*WORK ITEM*.
Without including the pictures, copy out every line below.

*SOURCE DATA*.

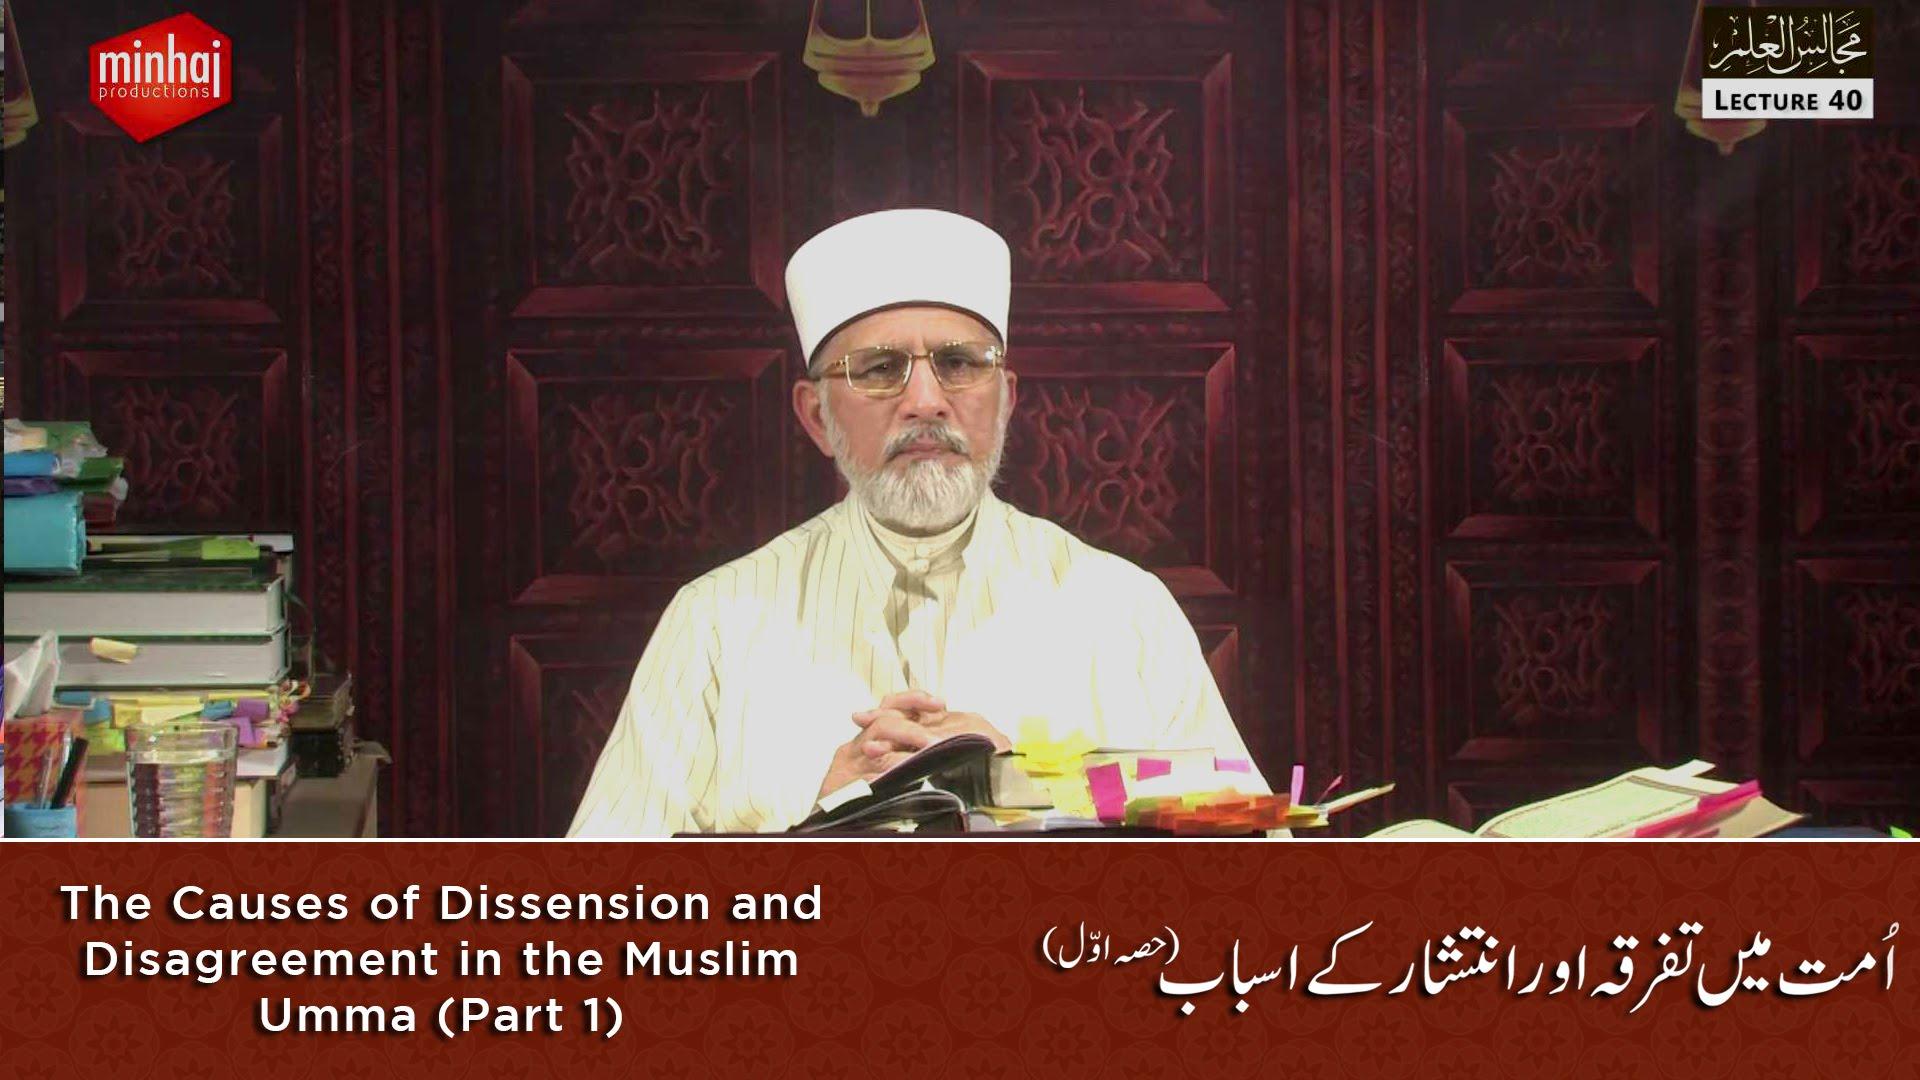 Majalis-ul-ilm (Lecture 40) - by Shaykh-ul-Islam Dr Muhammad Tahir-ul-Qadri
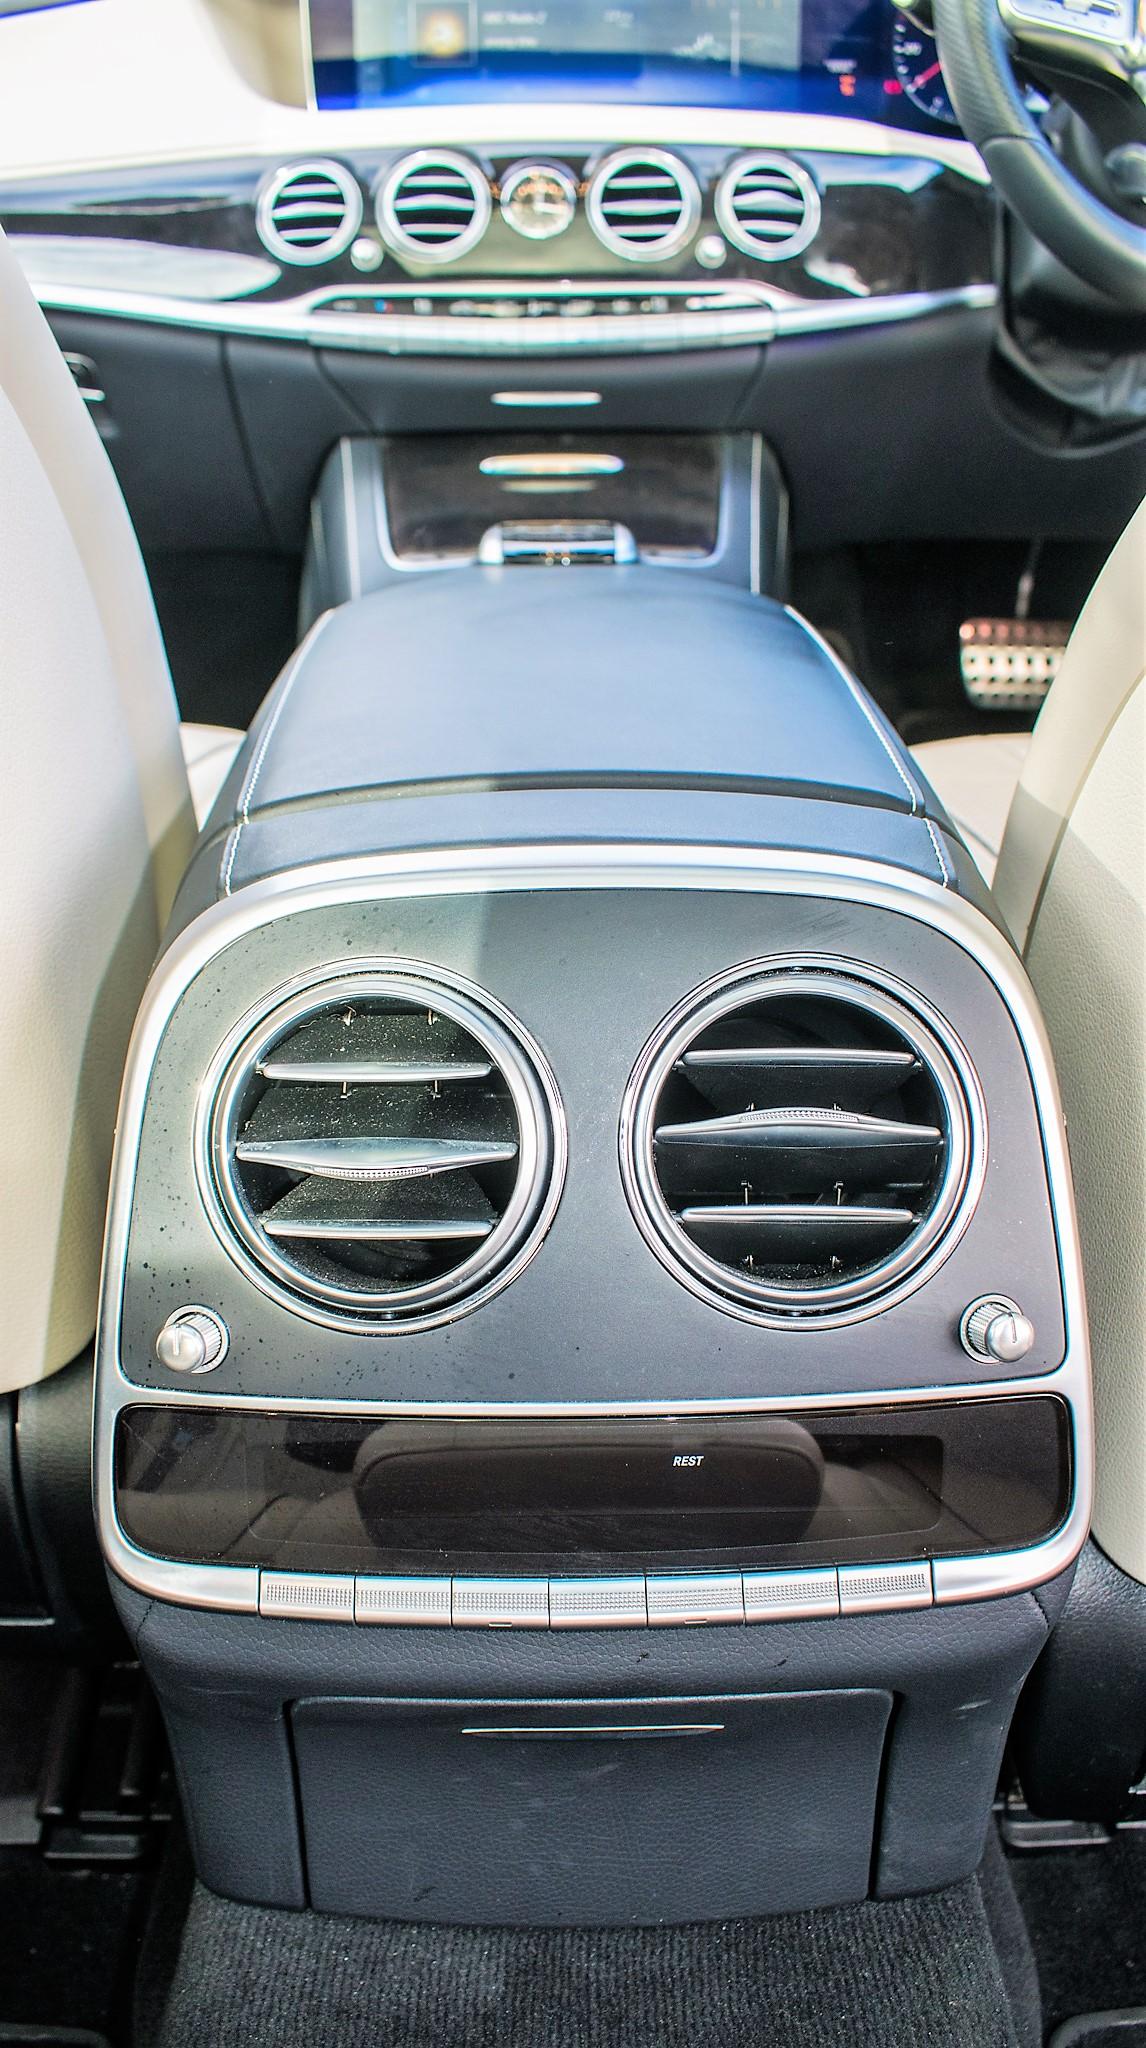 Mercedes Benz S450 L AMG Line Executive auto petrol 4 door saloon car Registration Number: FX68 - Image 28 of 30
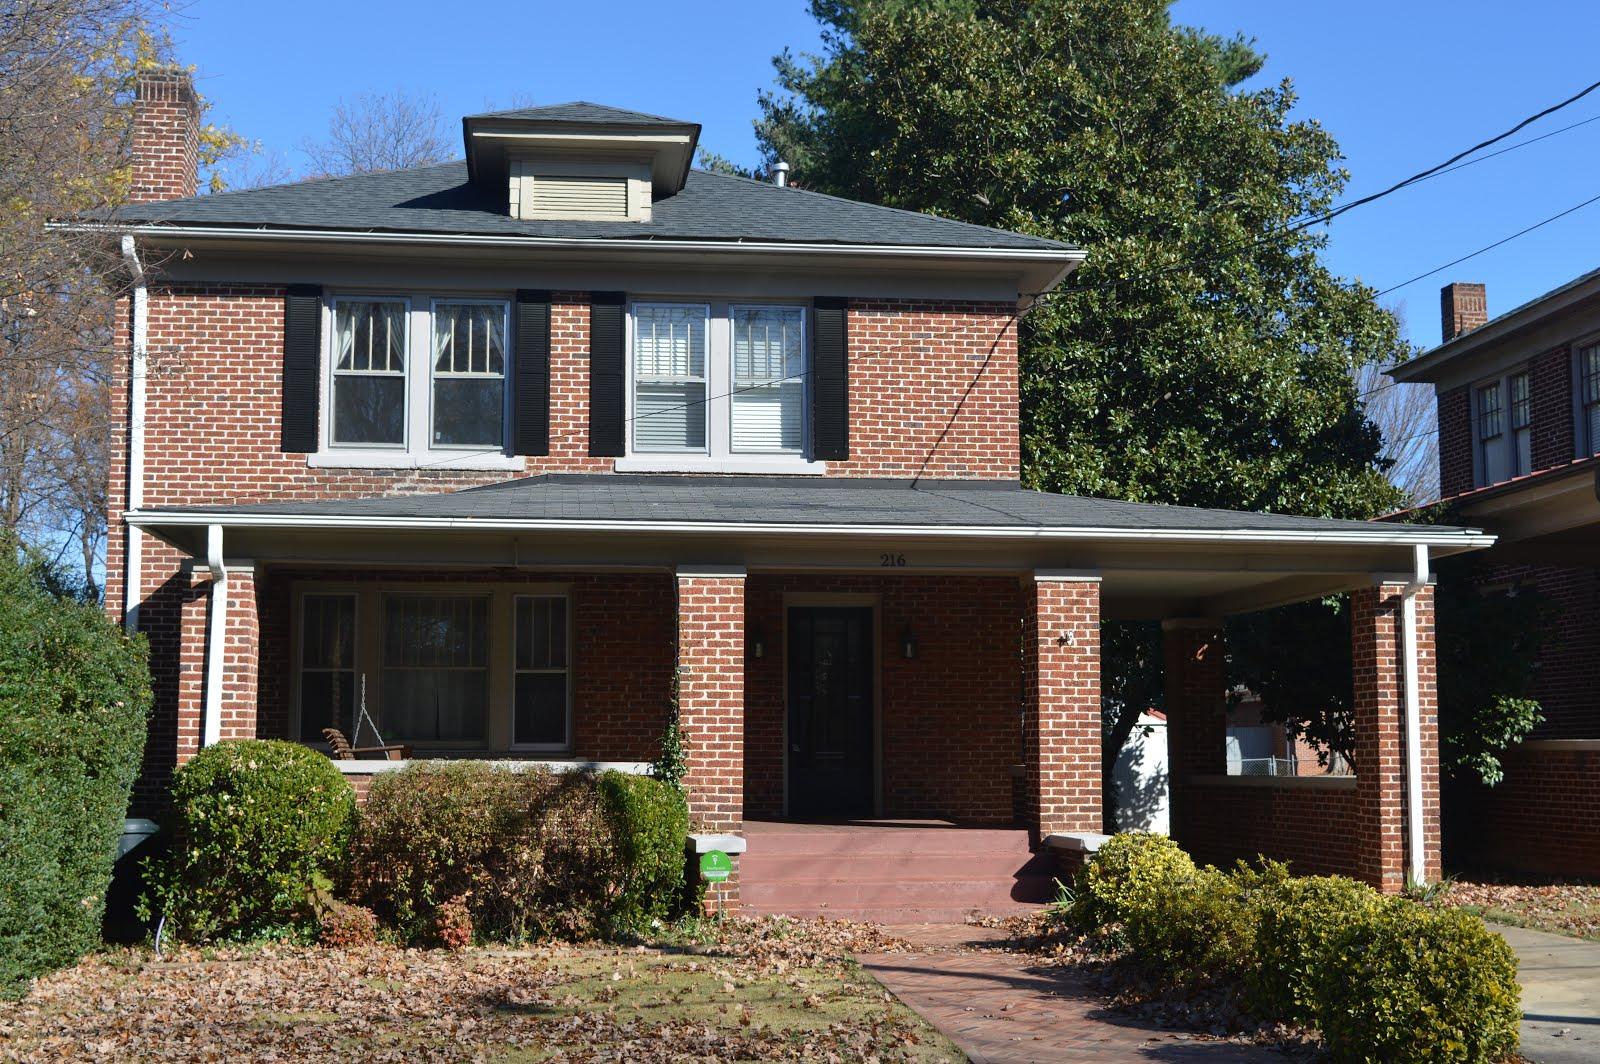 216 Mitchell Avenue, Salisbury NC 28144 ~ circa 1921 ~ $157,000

*RESULT OF THE TASK*.
 Majalis-ul-ilm (Lecture 40) - by Shaykh-ul-Islam Dr Muhammad Tahir-ul-Qadri
 Mercedes Benz S450 L AMG Line Executive auto petrol 4 door saloon car Registration Number: FX68 - Image 28 of 30
 216 Mitchell Avenue, Salisbury NC 28144 ~ circa 1921 ~ $157,000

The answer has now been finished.